I can't blame the little kid who sneezed on me a couple of weeks ago, nor its mother, but that's the trouble with this time of year. I would have to hermetically seal myself in my house to prevent exposing myself to the winter bugs, and I'm not about to do that (if I wanted to do that, I'd have stayed in Copper Harbor!)
On that subject, I talked to both the Boosts and Philippe, and the generator is fixed - or we hoped it is. And the electrician was supposed to bill me for it. So that is under control. It's a relief.
It's been really cold both places, moreso in Copper Harbor because the wind has been over 20mph for several days. It was clear at sunset tonight, although when the camera finally got a picture, it caught the end of a snow squall. Most of the garden is covered now, and down the peninsula there has been lots of lake effect snow over the past week. According to George Hite, we're now over 100 inches for the season. Apparently it's been very spotty, because Philippe said that at his place, on Five Mile Point Road, he can still see the weeds through the snow.
According to the Weather Underground, it's overcast in the metro area, but when I went upstairs for my dinner, the moon was shining brightly in the grade door window. And when I went out to get the mail, it's really, really cold...what they refer to as "crisp"...meaning it crisps your snotty nose. I'm really sorry I left my sheepskin lined gloves in Copper Harbor. I shall have to see what I can find in the coat closet to keep my fingers from going numb.

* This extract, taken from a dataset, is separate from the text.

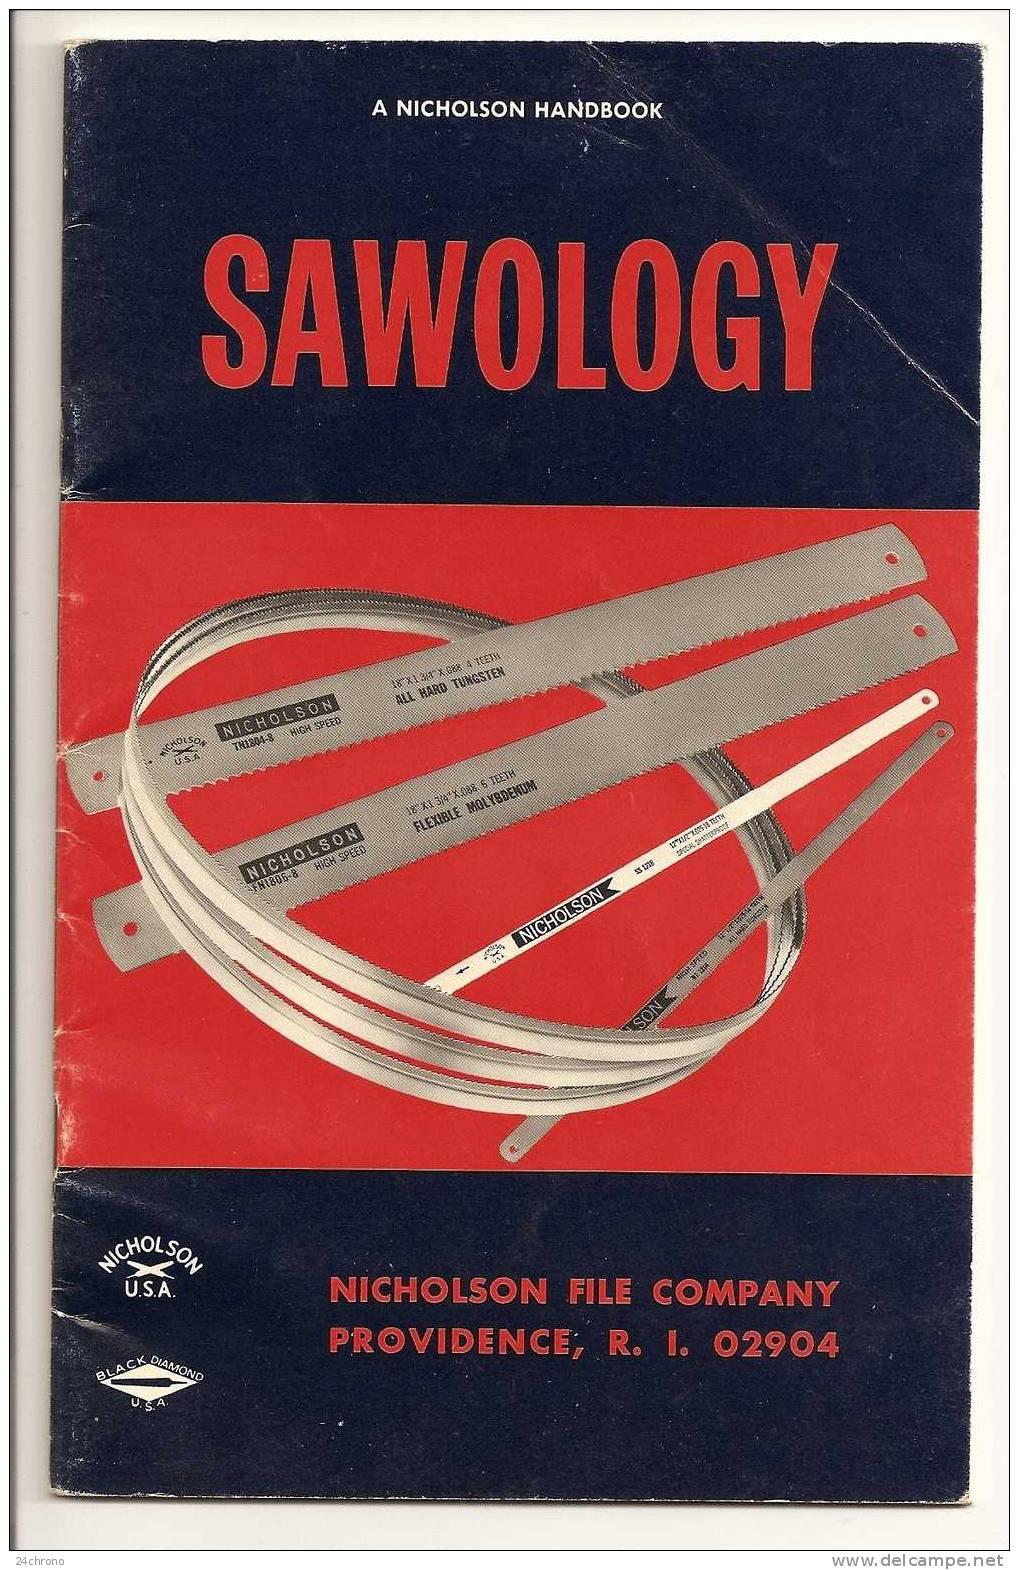 Catalogue Sur Les Lames De Scie, Sawology, Nicholson File Company, U.S.A., The Genealogy Of Saws (09-1265) - Livres, BD, Revues

So that's the news from the field in exile. I will try to check in tomorrow, but I make no promises, since it depends upon how I feel by the time I get back from Troy.
January 13 It's cold outside! It's been in the mid-20s here over the past couple of days, and it's been dropping steadily in Copper Harbor, and for most of the day there it was in the single-digits. Brr! According to the camera - and to John Dee - it's been snowing there, too, although there isn't any on the deck. I guess that's partly because the winds have been over 20mph...boy, does that lower the wind chill!
I went out today to lay in a little food, and partly because of the cold and partly because all my fleece tops are dirty and my jeans were in the basement, I dug out my cords and a wool sweater, neither of which I've worn for about three years. With my down parka, I was quite comfortable outside, except for my hands. I took my sheepskin lined mittens to Rainbow's End and although I looked at them all summer and thought to myself that I should bring them back, of course I forgot them. I have some circulatory dysfunction (have had all my life), and my hands and feet tend to get icy and numb. The solution is mittens, or mittens over gloves. I will have to dig into the coat closet and see what I have, because it doesn't look to get too much warmer for quite a while.
The only problem with being dressed for the out-of-doors is that by the time I got through in Kroger's, between the heat and my usual problem with too much walking, I was sweating profusely. Of course, that went away when I got outside again.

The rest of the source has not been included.